» **INSTRUCTIONS TO FOLLOW**
Among these records, tally each line with the word "design"; the answer is that number alone.

Items listed in a dataset:
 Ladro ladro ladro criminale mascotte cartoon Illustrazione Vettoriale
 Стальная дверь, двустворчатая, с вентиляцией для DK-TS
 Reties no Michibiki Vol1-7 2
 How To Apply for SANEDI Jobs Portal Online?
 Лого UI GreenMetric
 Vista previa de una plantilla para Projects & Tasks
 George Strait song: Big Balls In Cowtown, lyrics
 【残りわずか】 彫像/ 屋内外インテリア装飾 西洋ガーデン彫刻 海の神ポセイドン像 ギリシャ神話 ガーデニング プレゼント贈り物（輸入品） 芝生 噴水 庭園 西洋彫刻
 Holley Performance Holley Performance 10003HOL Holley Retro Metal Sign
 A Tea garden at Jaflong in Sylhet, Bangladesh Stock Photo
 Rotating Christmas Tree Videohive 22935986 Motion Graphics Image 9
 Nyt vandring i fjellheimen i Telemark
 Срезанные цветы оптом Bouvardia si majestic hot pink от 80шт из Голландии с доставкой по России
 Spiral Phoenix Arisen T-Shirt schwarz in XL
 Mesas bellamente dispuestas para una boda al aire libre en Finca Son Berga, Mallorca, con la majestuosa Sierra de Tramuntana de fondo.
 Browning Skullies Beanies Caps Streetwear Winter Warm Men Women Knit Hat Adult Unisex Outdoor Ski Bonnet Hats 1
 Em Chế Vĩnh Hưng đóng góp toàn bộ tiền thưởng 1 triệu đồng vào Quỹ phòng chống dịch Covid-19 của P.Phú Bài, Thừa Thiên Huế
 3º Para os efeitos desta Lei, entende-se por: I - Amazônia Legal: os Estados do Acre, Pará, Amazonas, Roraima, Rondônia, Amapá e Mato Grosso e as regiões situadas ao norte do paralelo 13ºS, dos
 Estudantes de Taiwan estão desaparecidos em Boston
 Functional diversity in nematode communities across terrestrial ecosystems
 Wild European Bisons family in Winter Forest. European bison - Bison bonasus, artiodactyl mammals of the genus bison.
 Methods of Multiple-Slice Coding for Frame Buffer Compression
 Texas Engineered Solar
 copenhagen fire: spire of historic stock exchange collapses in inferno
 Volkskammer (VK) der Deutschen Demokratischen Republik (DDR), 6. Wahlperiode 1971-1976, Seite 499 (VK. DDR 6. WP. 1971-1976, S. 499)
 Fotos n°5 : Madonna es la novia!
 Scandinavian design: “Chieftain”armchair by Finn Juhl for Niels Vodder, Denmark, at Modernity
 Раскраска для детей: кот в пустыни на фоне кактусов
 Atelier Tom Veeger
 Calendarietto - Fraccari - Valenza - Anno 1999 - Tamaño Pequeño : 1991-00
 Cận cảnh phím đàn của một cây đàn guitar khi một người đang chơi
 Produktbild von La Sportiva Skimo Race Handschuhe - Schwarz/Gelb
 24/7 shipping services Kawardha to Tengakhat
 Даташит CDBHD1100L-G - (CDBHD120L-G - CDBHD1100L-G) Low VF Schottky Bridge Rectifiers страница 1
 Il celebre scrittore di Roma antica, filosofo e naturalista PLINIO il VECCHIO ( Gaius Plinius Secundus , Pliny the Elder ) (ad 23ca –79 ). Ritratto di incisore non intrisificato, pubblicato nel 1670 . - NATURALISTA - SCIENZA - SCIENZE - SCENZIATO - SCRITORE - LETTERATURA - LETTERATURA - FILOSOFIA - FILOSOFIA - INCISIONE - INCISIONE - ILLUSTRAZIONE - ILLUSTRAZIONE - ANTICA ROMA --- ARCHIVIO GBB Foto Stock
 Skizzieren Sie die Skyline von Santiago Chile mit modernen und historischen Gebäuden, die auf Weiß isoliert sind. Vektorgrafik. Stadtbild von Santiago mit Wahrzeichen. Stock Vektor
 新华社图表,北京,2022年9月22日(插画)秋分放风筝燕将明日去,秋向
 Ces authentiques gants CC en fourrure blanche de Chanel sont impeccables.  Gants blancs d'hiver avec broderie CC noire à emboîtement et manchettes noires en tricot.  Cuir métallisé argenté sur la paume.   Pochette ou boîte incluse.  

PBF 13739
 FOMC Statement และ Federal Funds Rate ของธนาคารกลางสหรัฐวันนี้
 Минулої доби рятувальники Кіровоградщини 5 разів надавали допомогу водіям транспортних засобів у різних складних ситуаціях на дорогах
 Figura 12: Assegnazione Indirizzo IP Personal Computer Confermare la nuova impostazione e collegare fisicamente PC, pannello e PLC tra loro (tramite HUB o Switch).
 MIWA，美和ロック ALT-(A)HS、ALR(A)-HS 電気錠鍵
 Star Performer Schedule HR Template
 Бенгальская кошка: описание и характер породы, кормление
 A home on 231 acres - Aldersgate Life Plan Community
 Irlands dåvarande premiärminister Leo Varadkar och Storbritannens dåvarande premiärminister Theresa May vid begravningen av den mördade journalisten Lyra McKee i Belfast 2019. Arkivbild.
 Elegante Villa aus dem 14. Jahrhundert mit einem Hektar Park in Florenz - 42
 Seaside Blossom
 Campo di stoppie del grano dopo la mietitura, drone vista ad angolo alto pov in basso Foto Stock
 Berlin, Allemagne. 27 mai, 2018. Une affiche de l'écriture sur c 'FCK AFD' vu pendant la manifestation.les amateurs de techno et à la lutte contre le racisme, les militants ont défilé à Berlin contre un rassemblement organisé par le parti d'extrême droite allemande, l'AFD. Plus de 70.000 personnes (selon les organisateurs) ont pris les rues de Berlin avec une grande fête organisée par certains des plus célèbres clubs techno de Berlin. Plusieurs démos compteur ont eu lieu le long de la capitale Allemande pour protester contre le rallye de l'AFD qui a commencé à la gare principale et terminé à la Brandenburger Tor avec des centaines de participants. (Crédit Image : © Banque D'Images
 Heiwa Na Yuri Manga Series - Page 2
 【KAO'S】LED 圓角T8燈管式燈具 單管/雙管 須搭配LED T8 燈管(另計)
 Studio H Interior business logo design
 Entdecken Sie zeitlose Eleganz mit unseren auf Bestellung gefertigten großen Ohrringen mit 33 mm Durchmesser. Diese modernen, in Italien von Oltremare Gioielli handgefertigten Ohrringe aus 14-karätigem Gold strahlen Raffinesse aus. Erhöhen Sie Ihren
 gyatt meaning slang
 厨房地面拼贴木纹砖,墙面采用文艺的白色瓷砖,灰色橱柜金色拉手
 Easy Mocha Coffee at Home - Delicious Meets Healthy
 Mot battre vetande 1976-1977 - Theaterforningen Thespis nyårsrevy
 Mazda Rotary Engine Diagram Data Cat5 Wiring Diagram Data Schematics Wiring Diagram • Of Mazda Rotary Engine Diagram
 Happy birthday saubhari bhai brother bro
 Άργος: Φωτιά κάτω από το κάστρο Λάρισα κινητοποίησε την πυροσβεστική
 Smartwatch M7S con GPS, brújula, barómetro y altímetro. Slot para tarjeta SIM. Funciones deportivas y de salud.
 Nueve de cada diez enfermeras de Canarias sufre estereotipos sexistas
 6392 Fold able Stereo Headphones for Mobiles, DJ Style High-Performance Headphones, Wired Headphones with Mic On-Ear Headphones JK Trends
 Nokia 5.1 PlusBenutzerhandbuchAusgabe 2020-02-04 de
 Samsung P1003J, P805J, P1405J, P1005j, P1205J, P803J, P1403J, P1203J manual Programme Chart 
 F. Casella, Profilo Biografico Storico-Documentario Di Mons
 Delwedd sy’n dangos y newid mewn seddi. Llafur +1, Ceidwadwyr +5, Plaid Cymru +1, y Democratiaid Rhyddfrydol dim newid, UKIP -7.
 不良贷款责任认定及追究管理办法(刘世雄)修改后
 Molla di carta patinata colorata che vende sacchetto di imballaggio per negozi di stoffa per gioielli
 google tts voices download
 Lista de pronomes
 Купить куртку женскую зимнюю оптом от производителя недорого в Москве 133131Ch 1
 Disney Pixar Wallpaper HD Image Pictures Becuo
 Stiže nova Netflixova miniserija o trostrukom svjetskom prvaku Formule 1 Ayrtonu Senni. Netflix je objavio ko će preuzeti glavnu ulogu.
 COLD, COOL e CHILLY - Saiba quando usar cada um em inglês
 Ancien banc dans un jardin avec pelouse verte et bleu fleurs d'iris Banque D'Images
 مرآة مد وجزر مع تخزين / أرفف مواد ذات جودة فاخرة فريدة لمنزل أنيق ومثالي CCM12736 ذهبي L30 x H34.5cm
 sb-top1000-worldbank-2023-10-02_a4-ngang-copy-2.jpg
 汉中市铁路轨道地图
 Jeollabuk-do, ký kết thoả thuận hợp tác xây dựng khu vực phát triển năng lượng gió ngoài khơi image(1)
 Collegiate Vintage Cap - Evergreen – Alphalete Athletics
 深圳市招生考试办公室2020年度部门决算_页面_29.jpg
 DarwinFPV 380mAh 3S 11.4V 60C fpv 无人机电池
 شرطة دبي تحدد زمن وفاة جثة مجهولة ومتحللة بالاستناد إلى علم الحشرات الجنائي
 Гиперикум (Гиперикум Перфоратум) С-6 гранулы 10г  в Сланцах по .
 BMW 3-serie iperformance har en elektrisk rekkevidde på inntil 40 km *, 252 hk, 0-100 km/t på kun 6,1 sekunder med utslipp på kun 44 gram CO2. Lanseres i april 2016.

» **EXERCISE RESULT**
2